WHAT THE TASK ASKS:
Look through the data below for the line with "large-scale-mint-flower-bolster-blue-piping.jpg" and the line with "Contemporary Gray Multicolor", then transcribe exactly from the first through the second, leaving out all pictures.

MATERIALS PROVIDED:

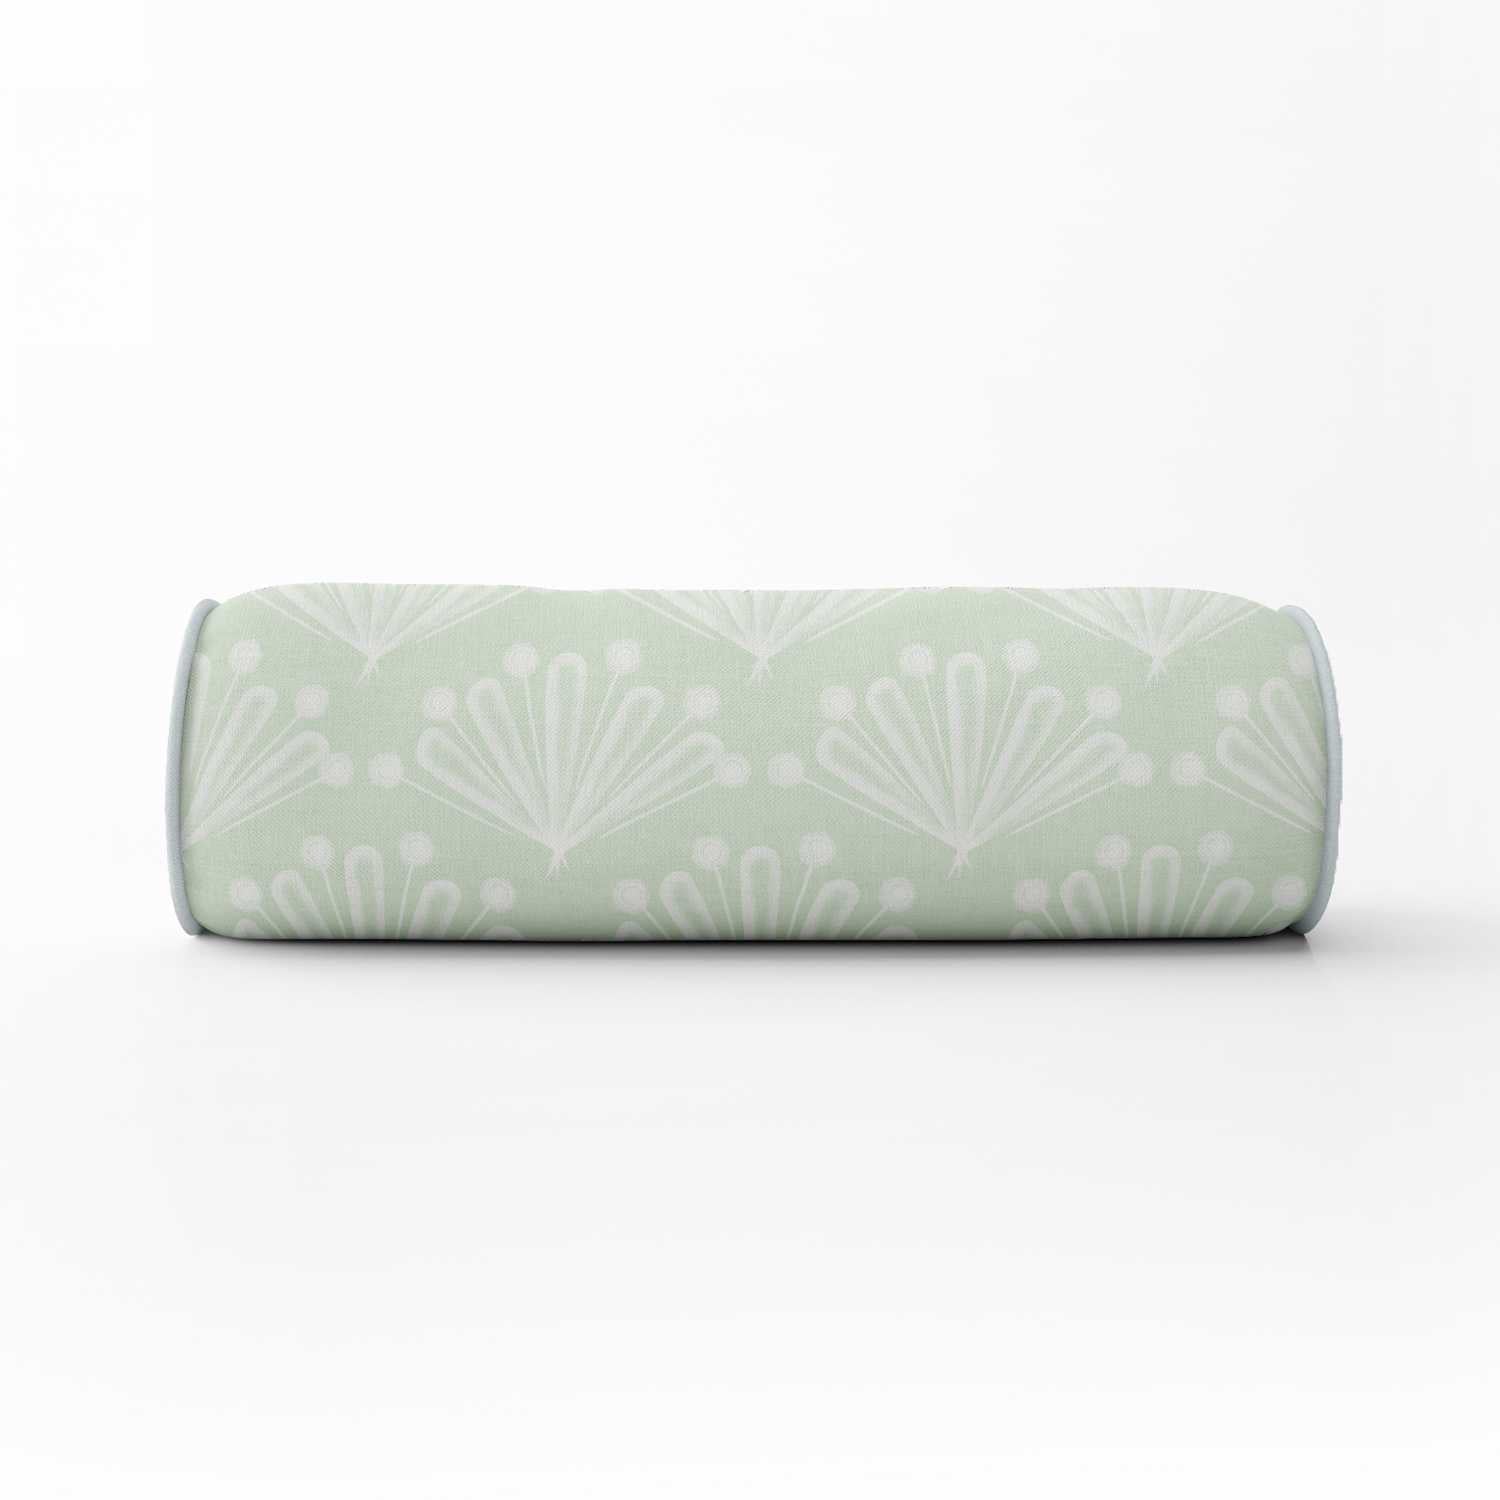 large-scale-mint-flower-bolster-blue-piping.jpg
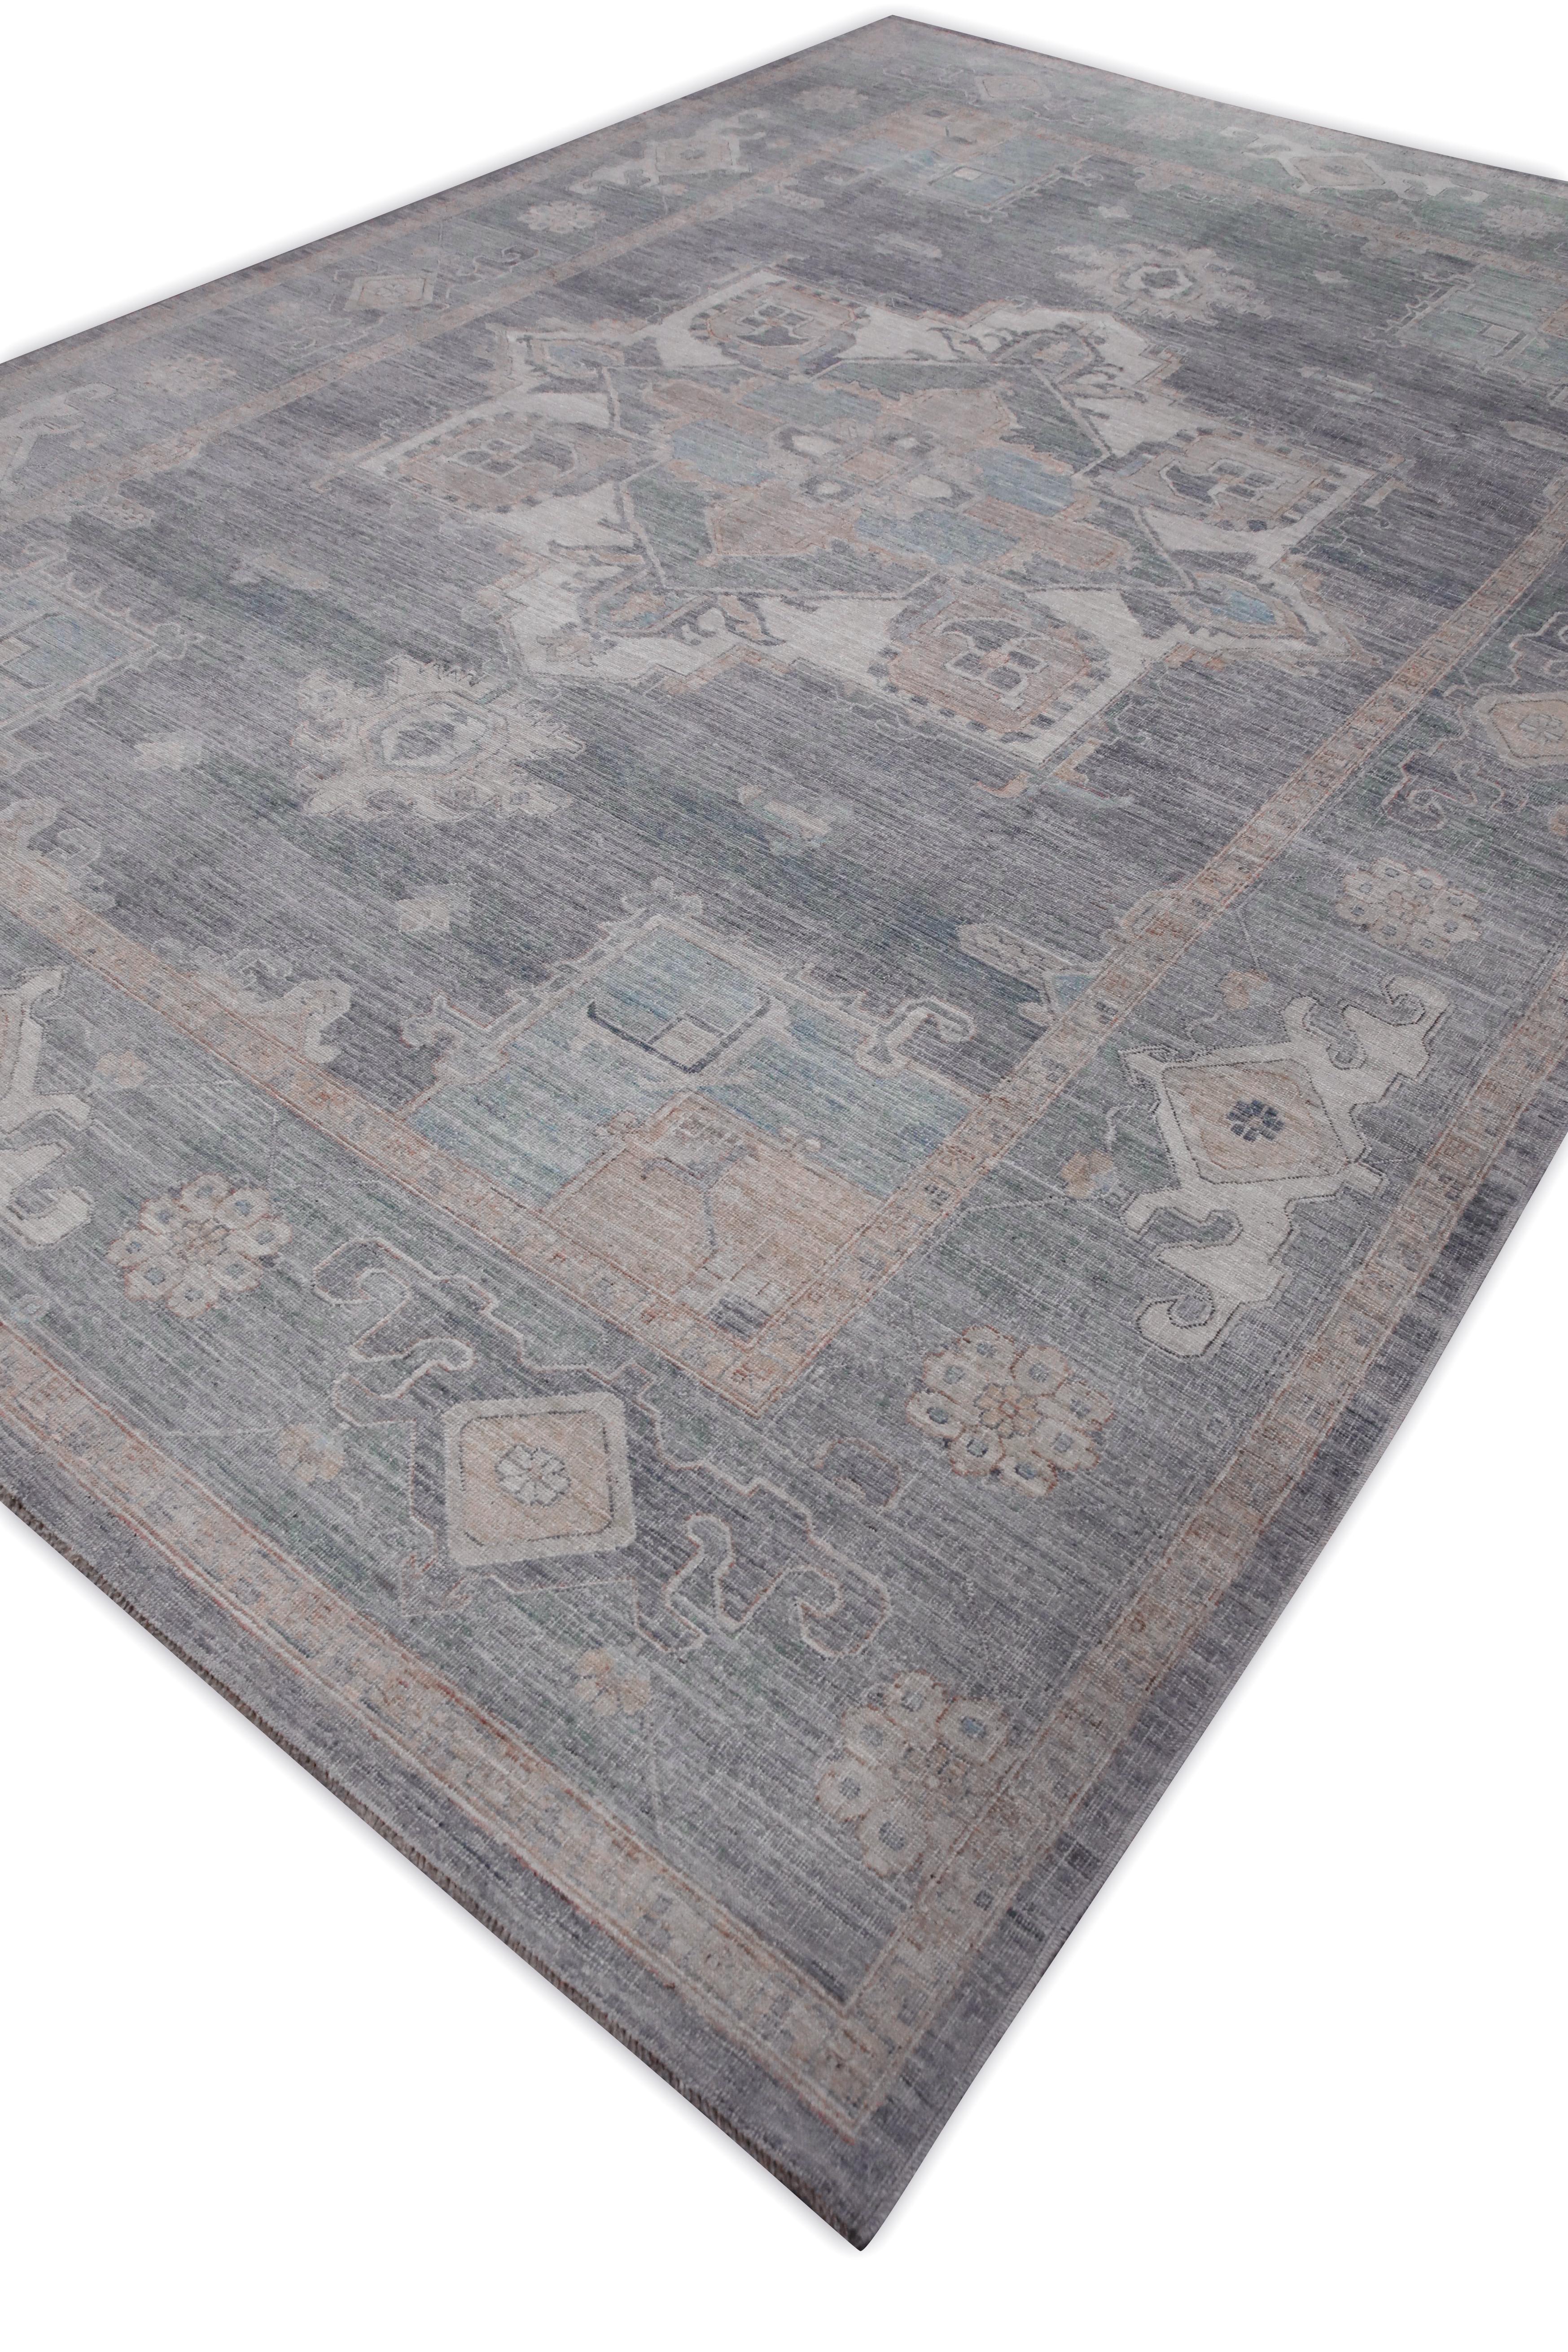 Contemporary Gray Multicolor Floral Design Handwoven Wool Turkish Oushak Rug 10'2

--

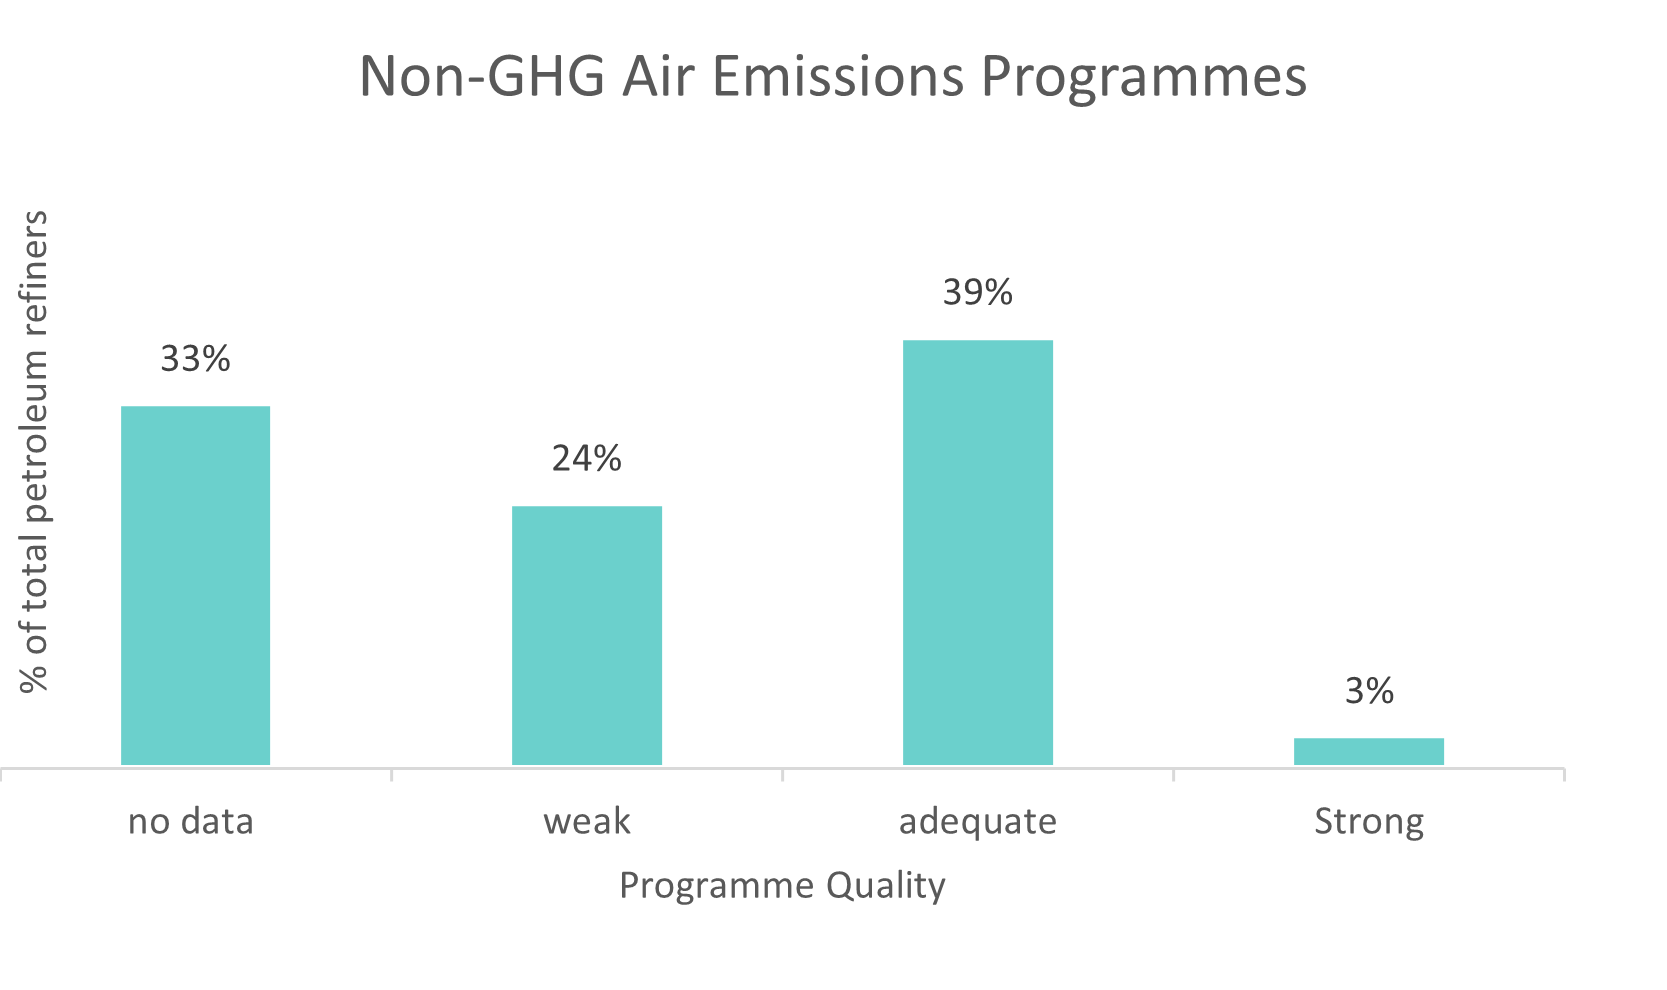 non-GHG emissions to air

==

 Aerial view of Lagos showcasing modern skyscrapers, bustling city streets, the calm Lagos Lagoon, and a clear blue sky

OUTPUT FOR THIS TASK:
 large-scale-mint-flower-bolster-blue-piping.jpg
 Contemporary Gray Multicolor Floral Design Handwoven Wool Turkish Oushak Rug 10'2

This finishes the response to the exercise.